A en croire Amar Saâdani, l’âme damnée du pouvoir, le travail de Bensalah et de la commission ira droit à la poubelle, car il relève désormais «du passé». «On peut dire que le travail effectué par la Commission présidée par Abdelaker Bensalah et la Commission technique ne sera pas pris en compte dans l’élaboration de la nouvelle Constitution», a-t-il indiqué.
Faut-il accorder quelque crédit aux déclarations de Saadani quand il affirme que Bouteflika veut impliquer l’opposition dans la rédaction de la constitution ? On a quelque doute de croire que ce président qui a méprisé souverainement jusqu’à présent l’opposition, interdit toute expression libre dans la rue puisse avoir soudainement une vertu de rassembleur pour lancer une « constitution consensuelle ». Les déclarations faites à cette occasion ne sont qu’un autre leurre pour mener en bateau son monde. Et ceux qui, de plus en plus rares, lui accordent une once de vérité.

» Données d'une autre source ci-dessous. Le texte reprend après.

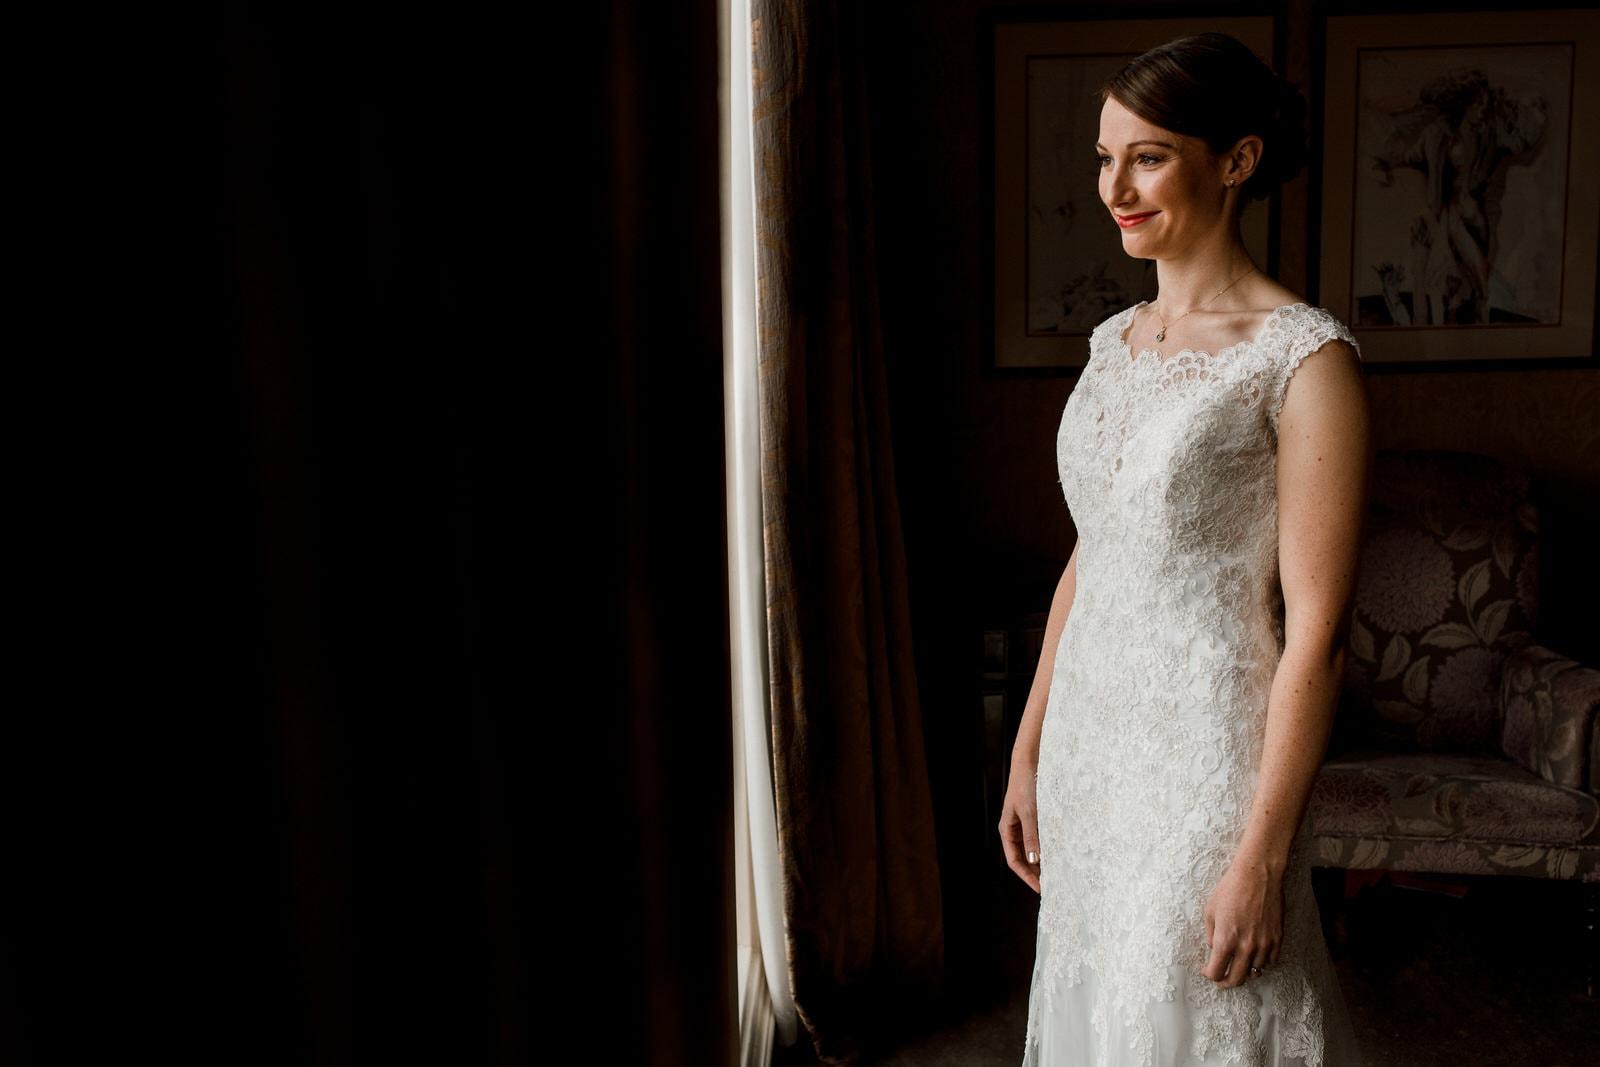 bridal portrait at petersham hotel richmond
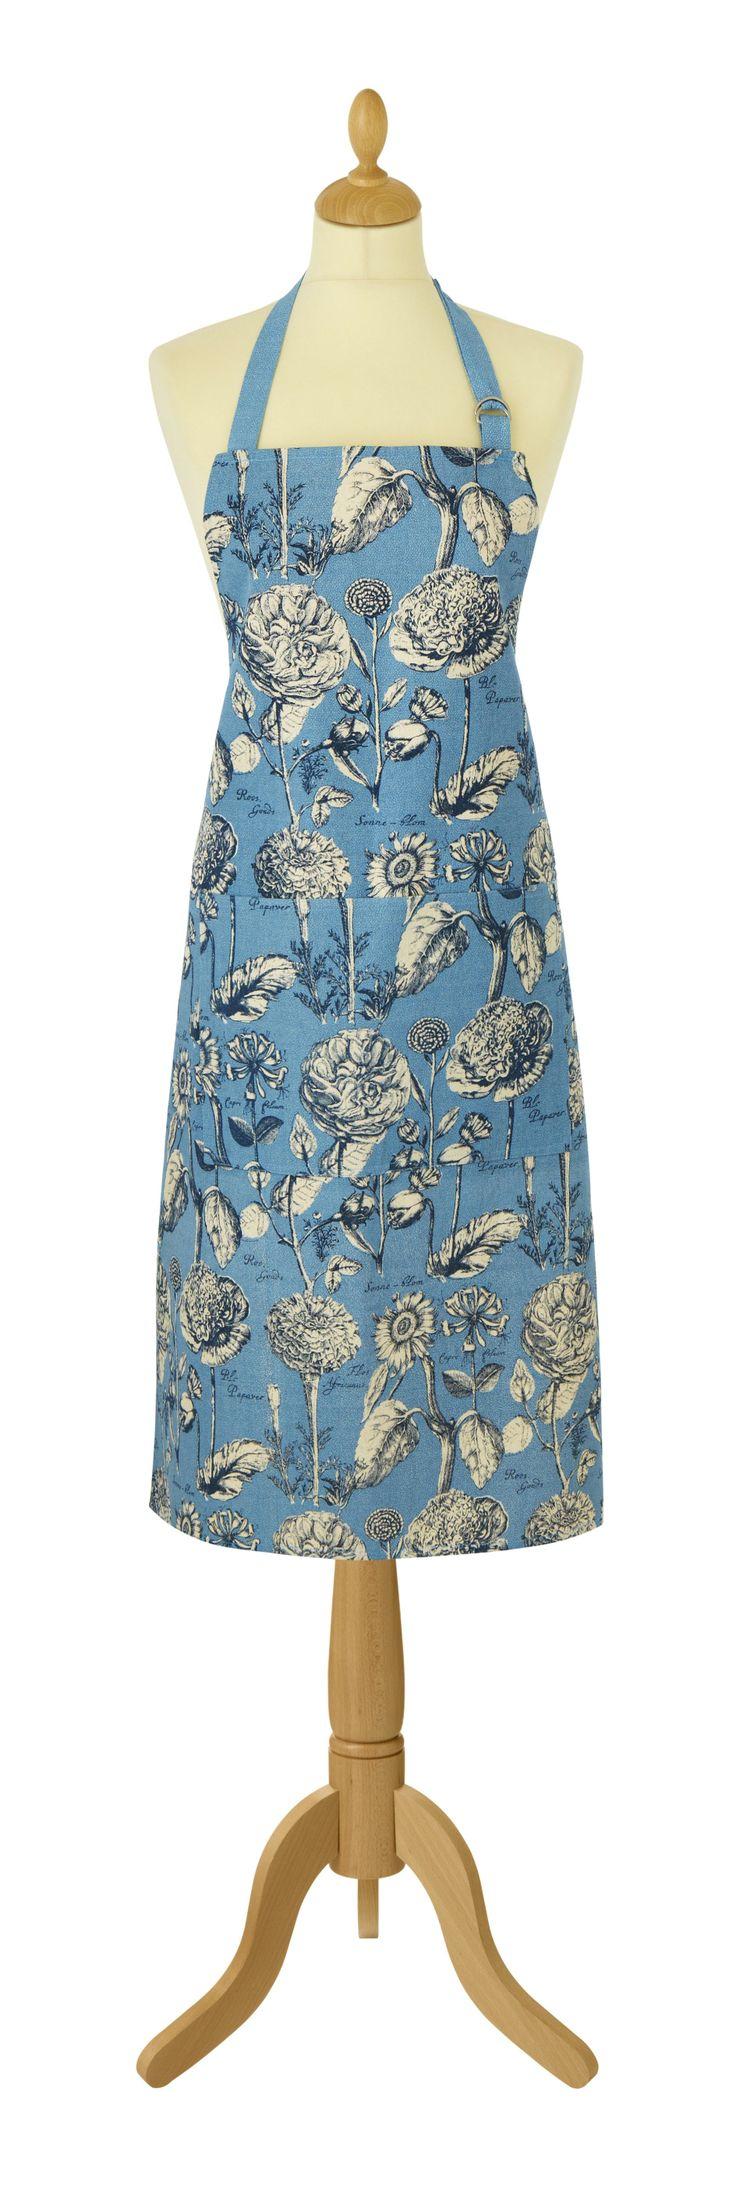 Blue apron engineering - Rhs Rosemoor Blue Apron Floral Blue Rhs

Les jours prochains montreront inévitablement pour la énième fois malheureusement, que l’affaire est cousue de fil blanc.
Yacine K/Afrik.com

Quoi qu’il fasse, tout sera fait sur mesure :
Quand il mesurera la peur qui s’est emparée et qui s’empare encore de la classe des voyous, il lâche un peu du lest, distribuera de peu d’argent par-ci par-là en dehors des cercles familial et gouvernemental, taper dans l’opposition fragile (Louisa Hannoun, au gouvernement par exemple, c’est ce qu’elle a toujours cherché), réhabiliter le courant islamiste (il l’a toujours voulu), mettre à la retraite d’autres vieux généraux… Il entreprendra une nouvelle opération qui s’adressera à tous les algériens pour laquelle il trouvera une nouvelle appellation autre que réconciliation nationale (déjà usagée) mais quelque chose comme AMNISTIE NATIONALE ou REFONDATION de L’ALGERIE où il décrétera l’effacement des dettes aux particuliers et aux entreprises, la relaxe des prisonniers, le pardon aux voleurs de tout bord (surtout sa clique proche), le pardon à la Cour des Comptes qui l’avait « traité de voleur », et peut être même le pardon aux criminels (déjà vu). Même les magistrats (la majorité) seront contents, ils n’auront pas la délicate tâche de juger leurs semblables. Tout le monde sera content et tout le monde dormira en paix.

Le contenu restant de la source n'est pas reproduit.